Les résistants d’hier sont aussi les résistants d’aujourd’hui.

Auteur : emcee - Source : Des bassines et du zèle

Mais leur engagement pour la paix et la justice n’est toujours pas du goût de tout le monde.

Dans ce billet publié sur Médiapart*, le journaliste et écrivain Bernard Oustrières racontait l’incident qui a eu lieu après l’hommage rendu aux dix maquisards assassinés par les nazis à la ferme de La Limatte, près de Signes dans le Var.

« Cette manifestation annuelle », explique-t-il, « qui revêt un caractère sacré pour les Résistants, leurs familles et les amis de la Résistance du Var, attire toujours de nombreux élus auxquels se joint le représentant du préfet. Rien ne laissait présager que la dernière commémoration, le 2 janvier donc, donnerait lieu à un vif incident ».

Dans son discours, Claude Roddier, la présidente départementale de l’ANACR, expliquait que les Résistants et leurs amis ne pouvaient pas accepter ces attaques continues contre les acquis du CNR, en particulier les mesures contre les retraites et le démantèlement en cours de la Sécurité sociale.
Dans la salle où ils s’étaient réunis pour cette commémoration, se trouvaient des élus du Var, dont beaucoup étaient des membres de l’UMP, ainsi que le représentant du préfet.

CNR_les_jours_heureux.jpg » »Les Jours heureux, programme du CNR » »

Or, ces personnes ont quitté la salle quand Claude Roddier a dénoncé la situation actuelle, où le programme du CNR, intitulé “les jours heureux”, est impitoyablement démantelé. Rappelant, par exemple, les propos que tenait en 2007 Denis Kessler :

« Adieu 1945, raccrochons notre pays au monde. Le modèle social français est le pur produit du Conseil national de la Résistance. (…) Il est grand temps de le réformer”.

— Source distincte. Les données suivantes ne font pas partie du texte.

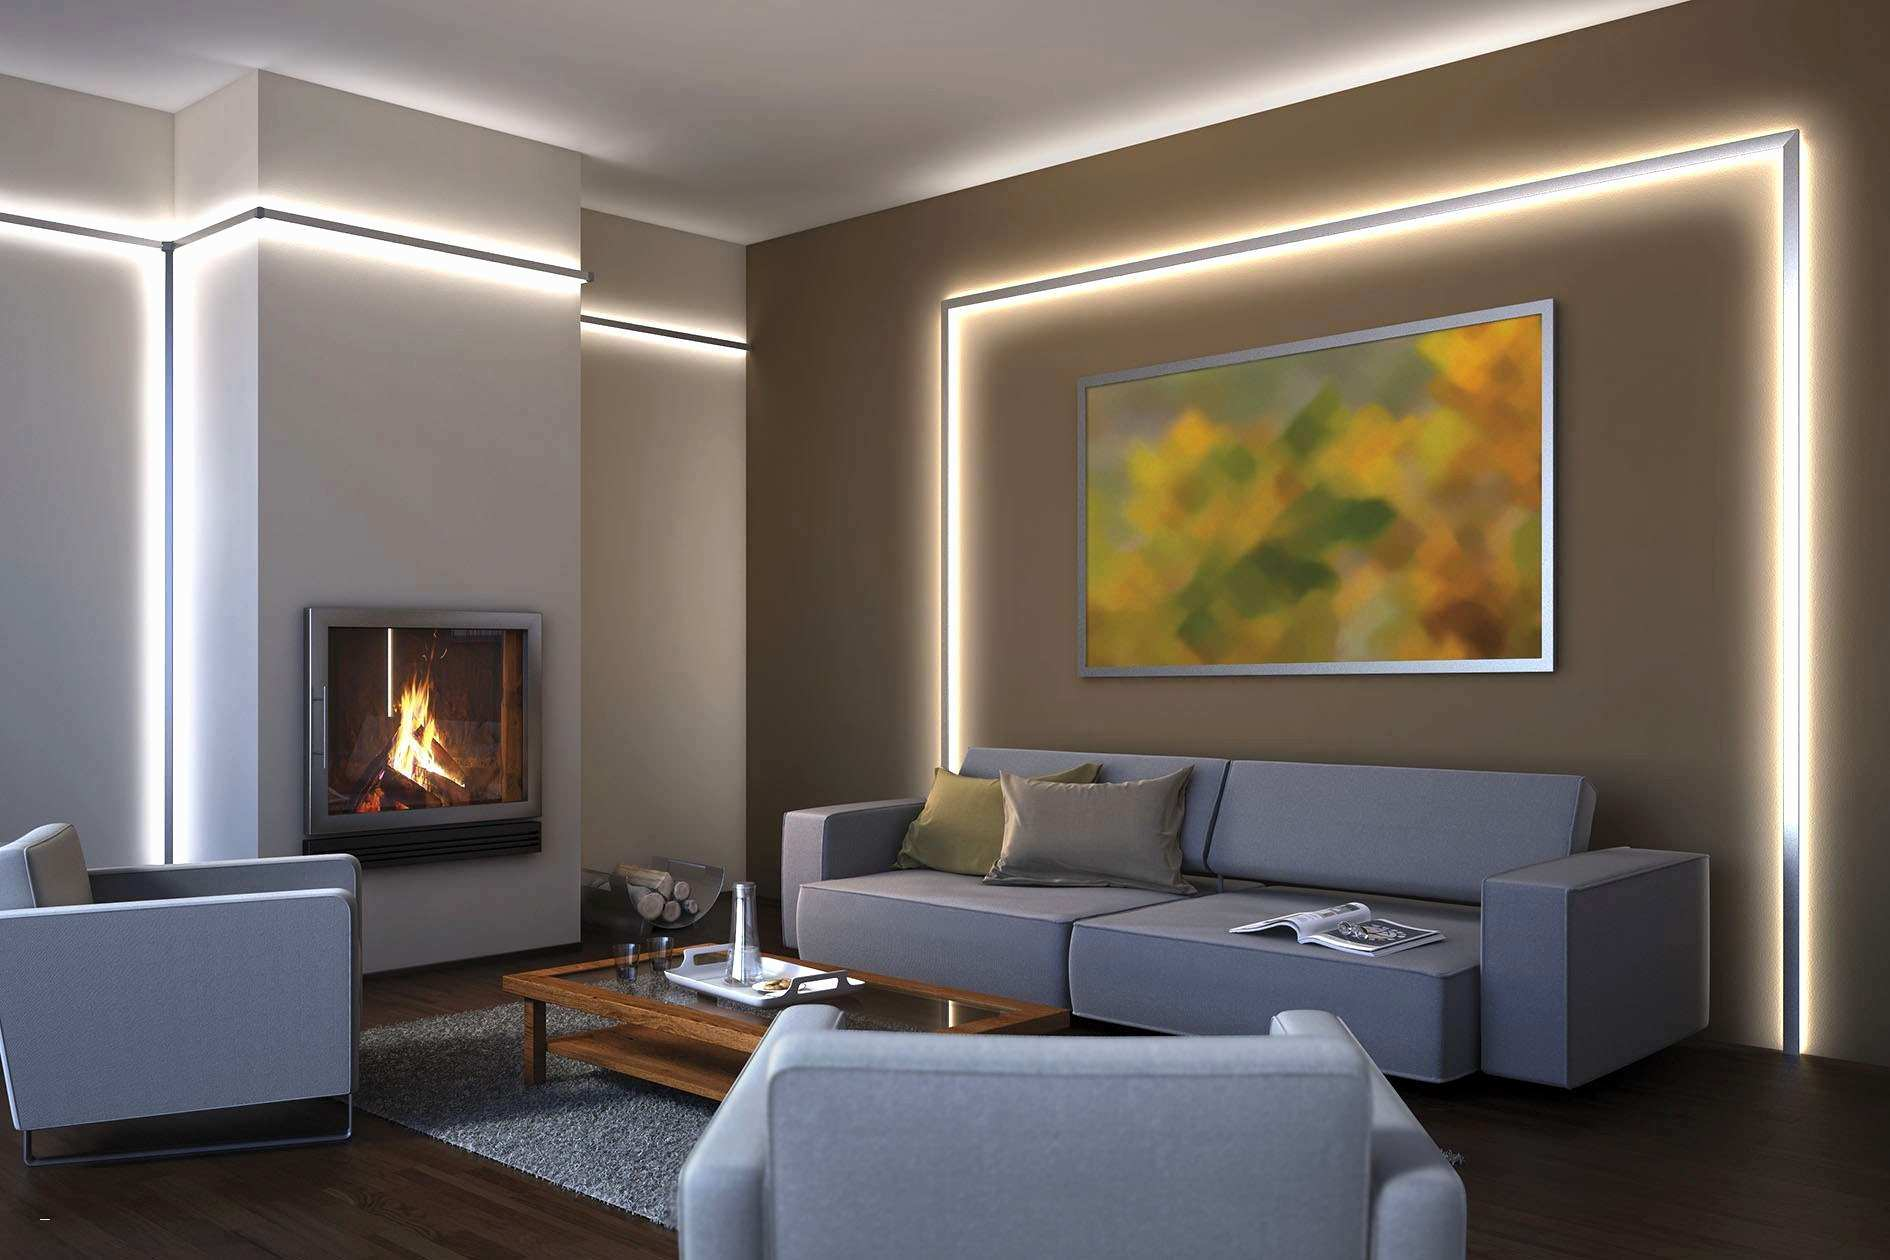 Full Size of Wohnzimmer Beleuchtung Wohnwand Led Planen Spots Indirekte Decke Modern Wieviel Lumen Tipps Ideen Lampen Leiste Selber Bauen Schn Badezimmer Deko Board Wohnzimmer Wohnzimmer Beleuchtung
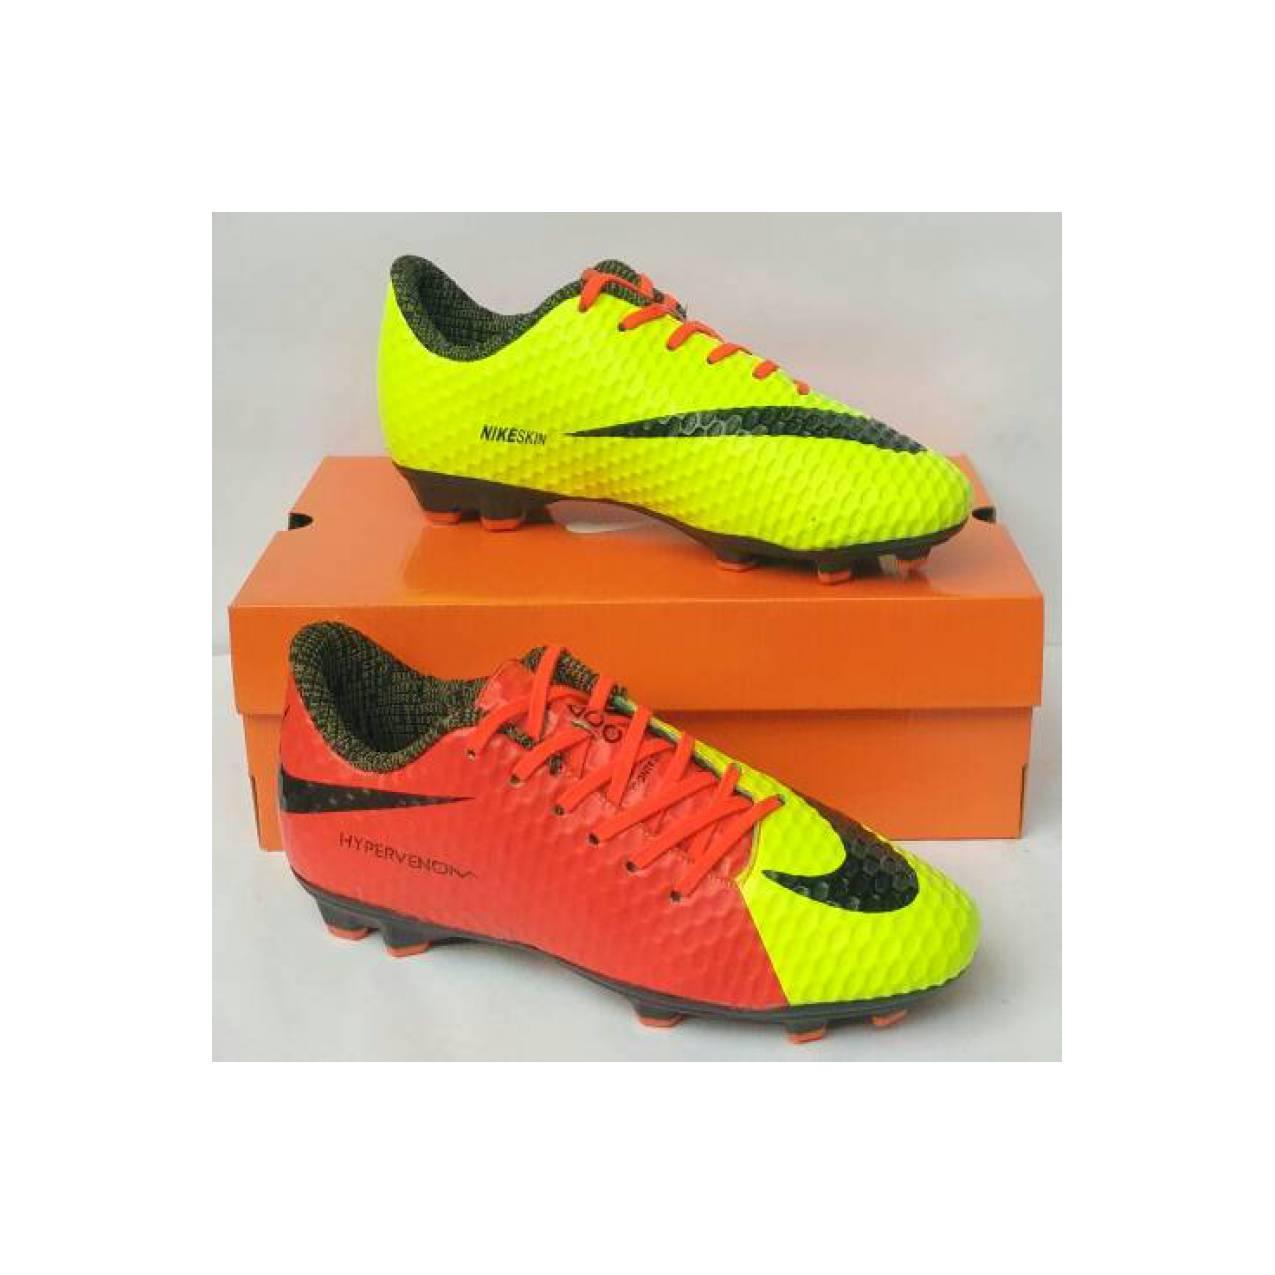 Sepatu Bola Nike Hypervenom Phantom / Olahraga / Sepak Bola & Futsal

L’affront que ces élus UMP ont infligé à ces résistants d’hier et d’aujourd’hui, chenus, certes, mais toujours engagés pour défendre les principes mêmes énoncés par le CNR, s’il est méprisable, n’est pas une surprise.
En revanche, le départ du sous-préfet n’est pas, lui, digne d’un représentant de la République, censé être à l’écoute de tous les citoyens et observer, en tant que serviteur de l’État, la neutralité que lui impose le principe de laïcité.
(Curieux, tout de même que le principe de laïcité, dont tout le monde se prévaut pour justifier tout et n’importe quoi, soit violé dans l’indifférence quasi-générale par ceux qui doivent l’appliquer à eux-mêmes et le faire appliquer).
Voici le courrier que Pierre-Yves CANU, Croix de guerre pour fait de Résistance, a envoyé, le 4 janvier 2011 au Préfet du Var à la suite de cette prise de position partisane :

« J’ai l’honneur de vous faire part de l’émotion ressentie le 2 janvier 2011, à Signes au cours de la réunion commémorative des fusillés de La Limatte. La Présidente de l’ANACR, association dont je fais partie en qualité d’ancien résistant, a tenté d’exprimer la déception des résistants en raison de la non-application par nos différents gouvernements du programme du CNR préconisé au moment de la Libération.
Les observations formulées sur l’abandon de ce programme ne pouvaient laisser indifférent votre représentant. Or celui-ci, au lieu de rester à l’écoute de l’opinion exprimée par ceux et celles qui avaient participé à la Libération du Territoire au mépris des dangers, n’a pas cru devoir écouter leur voix, alors que l’on venait de commémorer la mort de 11 d’entre eux, résistants et maquisards. Il a préféré quitter la tribune officielle.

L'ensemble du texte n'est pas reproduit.